● **Problem statement**:
Return the listing that follows exactly, with no pictures included.

● **Supplied material**:
== Segment start ==

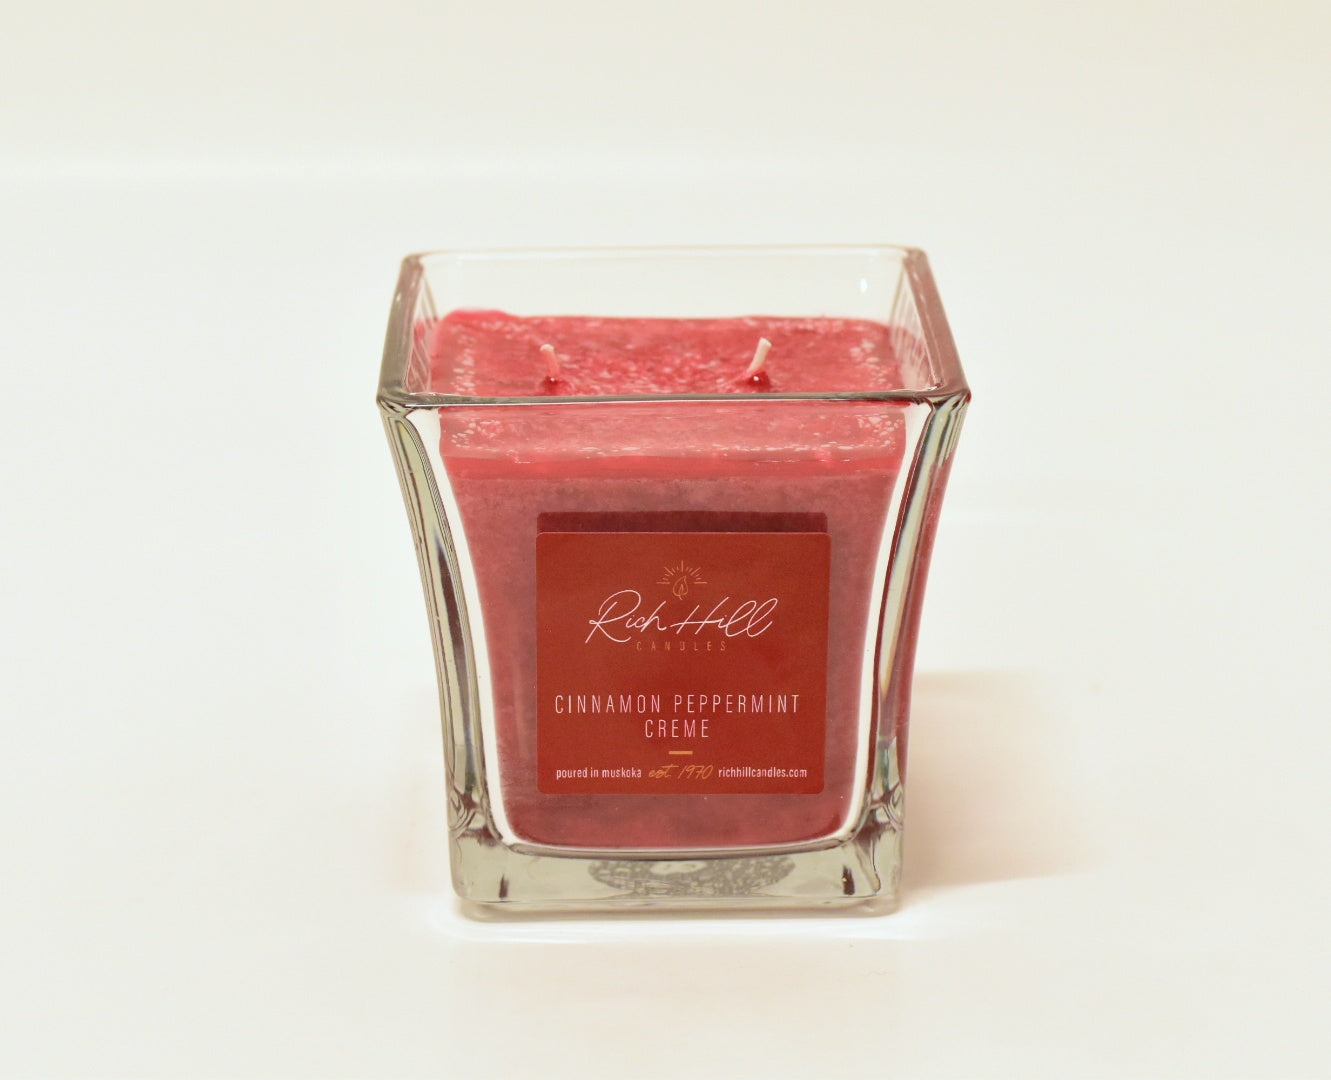 Cinnamon Peppermint Creme scented jar candles
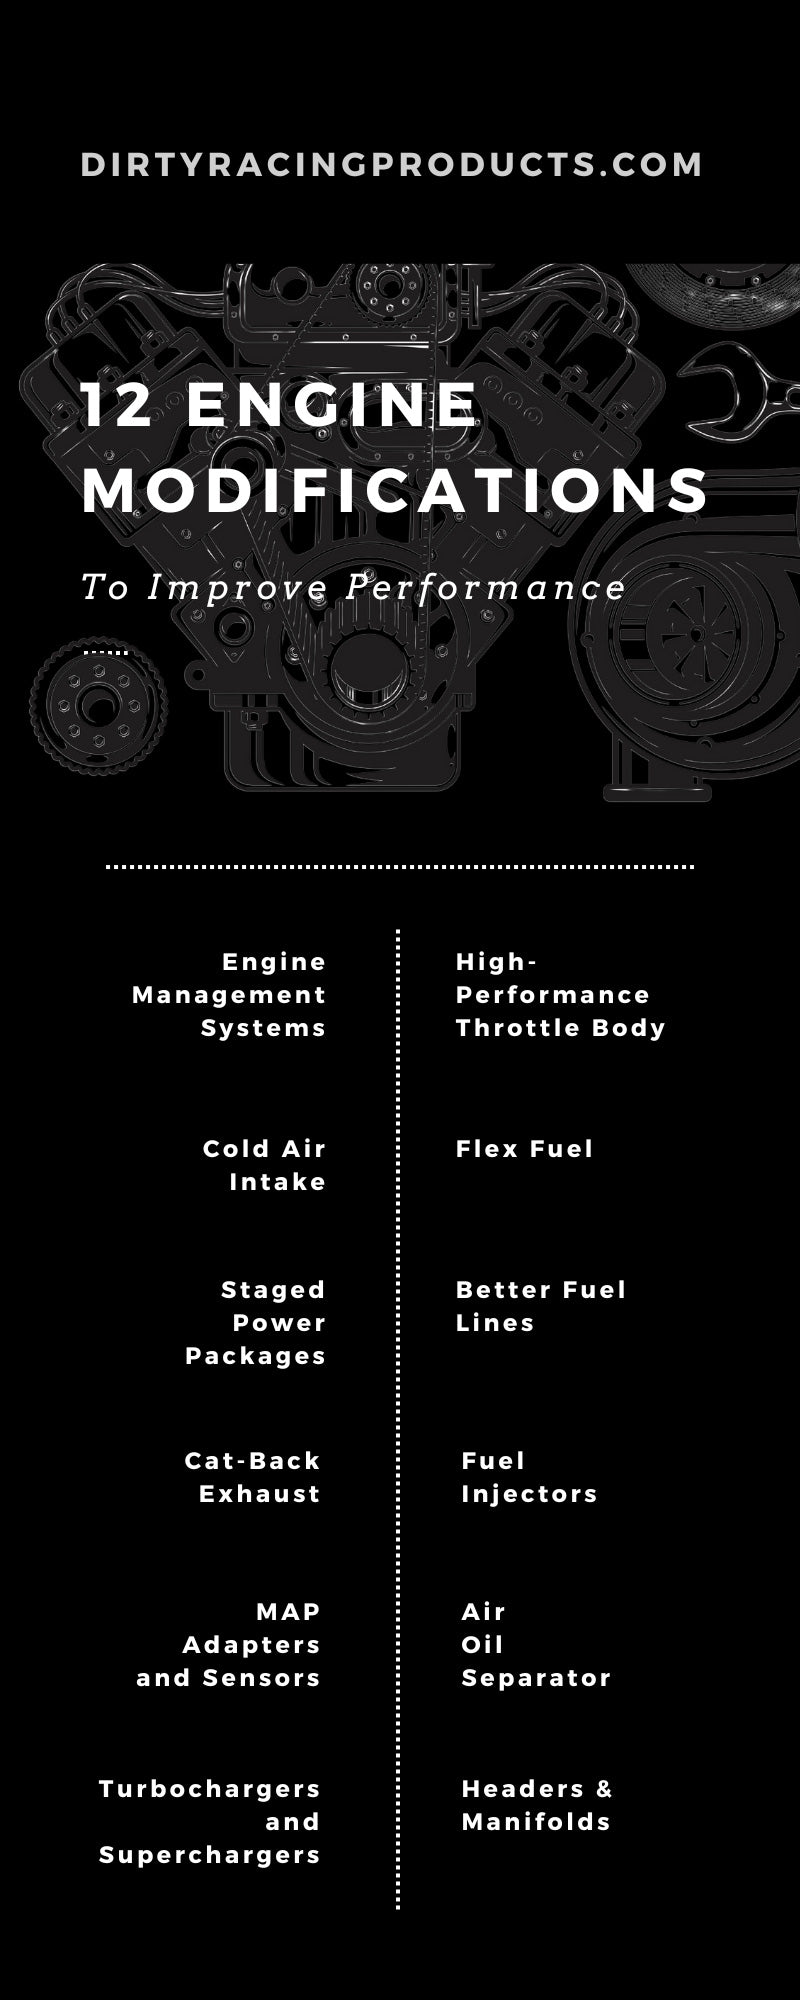 12 Engine Modifications To Improve Performance
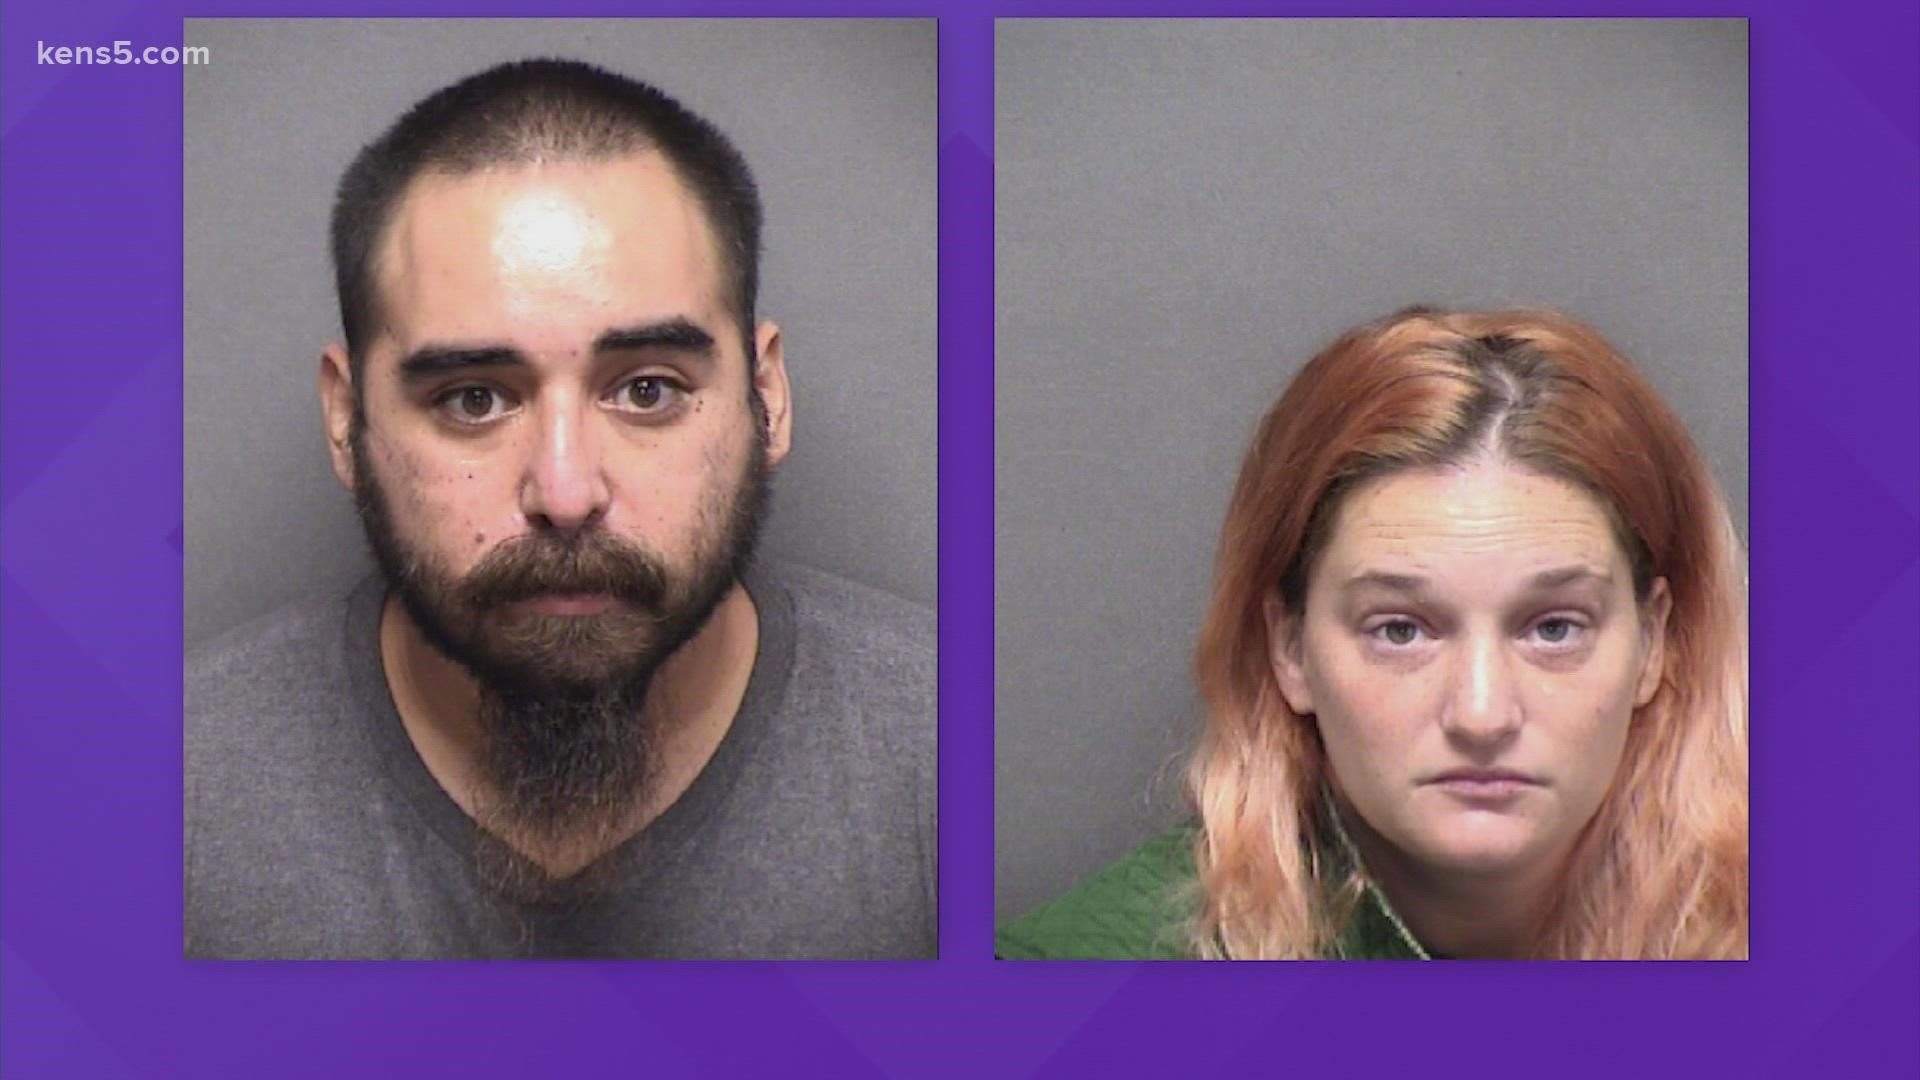 Couple facing several child sex charges, investigators fear there may be more victims kens5

== Segment end ==

● **Exercise solution**:
 Cinnamon Peppermint Creme scented jar candles
 12 Engine Modifications To Improve Performance
 Couple facing several child sex charges, investigators fear there may be more victims kens5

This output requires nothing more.